Records drawn from a dataset:
——————————

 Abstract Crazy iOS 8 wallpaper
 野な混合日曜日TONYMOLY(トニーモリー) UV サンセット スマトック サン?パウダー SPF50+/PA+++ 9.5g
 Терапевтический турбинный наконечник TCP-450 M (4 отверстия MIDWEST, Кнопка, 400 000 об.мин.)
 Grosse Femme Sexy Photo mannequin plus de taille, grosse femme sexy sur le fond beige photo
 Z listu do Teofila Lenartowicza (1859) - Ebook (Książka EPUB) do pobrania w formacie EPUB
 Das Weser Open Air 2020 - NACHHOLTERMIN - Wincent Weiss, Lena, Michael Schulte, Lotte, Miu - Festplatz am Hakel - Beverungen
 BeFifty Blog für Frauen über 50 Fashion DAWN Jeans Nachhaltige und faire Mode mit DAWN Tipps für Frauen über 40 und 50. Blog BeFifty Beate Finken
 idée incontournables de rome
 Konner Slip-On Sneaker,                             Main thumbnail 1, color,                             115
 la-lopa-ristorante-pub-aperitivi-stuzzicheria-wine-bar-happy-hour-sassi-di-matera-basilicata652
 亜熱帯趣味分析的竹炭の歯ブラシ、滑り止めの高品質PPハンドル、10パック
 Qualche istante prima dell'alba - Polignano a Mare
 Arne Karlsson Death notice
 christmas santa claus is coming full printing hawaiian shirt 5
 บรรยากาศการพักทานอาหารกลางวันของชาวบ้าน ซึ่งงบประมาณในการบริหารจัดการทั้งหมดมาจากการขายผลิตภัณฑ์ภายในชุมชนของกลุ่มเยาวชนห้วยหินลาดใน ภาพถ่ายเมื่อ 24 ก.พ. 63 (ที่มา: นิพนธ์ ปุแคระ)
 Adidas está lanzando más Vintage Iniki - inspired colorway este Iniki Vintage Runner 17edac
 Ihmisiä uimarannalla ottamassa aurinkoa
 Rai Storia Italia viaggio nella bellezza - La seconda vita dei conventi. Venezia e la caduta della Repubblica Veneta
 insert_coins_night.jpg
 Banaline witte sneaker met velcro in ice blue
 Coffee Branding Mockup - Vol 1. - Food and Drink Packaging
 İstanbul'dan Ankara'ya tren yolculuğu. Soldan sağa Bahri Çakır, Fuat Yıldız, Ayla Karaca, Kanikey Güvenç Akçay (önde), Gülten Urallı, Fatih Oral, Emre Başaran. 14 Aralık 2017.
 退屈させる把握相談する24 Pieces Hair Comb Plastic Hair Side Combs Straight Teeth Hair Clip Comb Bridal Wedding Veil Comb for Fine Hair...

——————————

§ Assigned task
Output the data exactly, from the first line through the line that holds "insert_coins_night.jpg", so that no later line appears.

§ Task solution
 Abstract Crazy iOS 8 wallpaper
 野な混合日曜日TONYMOLY(トニーモリー) UV サンセット スマトック サン?パウダー SPF50+/PA+++ 9.5g
 Терапевтический турбинный наконечник TCP-450 M (4 отверстия MIDWEST, Кнопка, 400 000 об.мин.)
 Grosse Femme Sexy Photo mannequin plus de taille, grosse femme sexy sur le fond beige photo
 Z listu do Teofila Lenartowicza (1859) - Ebook (Książka EPUB) do pobrania w formacie EPUB
 Das Weser Open Air 2020 - NACHHOLTERMIN - Wincent Weiss, Lena, Michael Schulte, Lotte, Miu - Festplatz am Hakel - Beverungen
 BeFifty Blog für Frauen über 50 Fashion DAWN Jeans Nachhaltige und faire Mode mit DAWN Tipps für Frauen über 40 und 50. Blog BeFifty Beate Finken
 idée incontournables de rome
 Konner Slip-On Sneaker,                             Main thumbnail 1, color,                             115
 la-lopa-ristorante-pub-aperitivi-stuzzicheria-wine-bar-happy-hour-sassi-di-matera-basilicata652
 亜熱帯趣味分析的竹炭の歯ブラシ、滑り止めの高品質PPハンドル、10パック
 Qualche istante prima dell'alba - Polignano a Mare
 Arne Karlsson Death notice
 christmas santa claus is coming full printing hawaiian shirt 5
 บรรยากาศการพักทานอาหารกลางวันของชาวบ้าน ซึ่งงบประมาณในการบริหารจัดการทั้งหมดมาจากการขายผลิตภัณฑ์ภายในชุมชนของกลุ่มเยาวชนห้วยหินลาดใน ภาพถ่ายเมื่อ 24 ก.พ. 63 (ที่มา: นิพนธ์ ปุแคระ)
 Adidas está lanzando más Vintage Iniki - inspired colorway este Iniki Vintage Runner 17edac
 Ihmisiä uimarannalla ottamassa aurinkoa
 Rai Storia Italia viaggio nella bellezza - La seconda vita dei conventi. Venezia e la caduta della Repubblica Veneta
 insert_coins_night.jpg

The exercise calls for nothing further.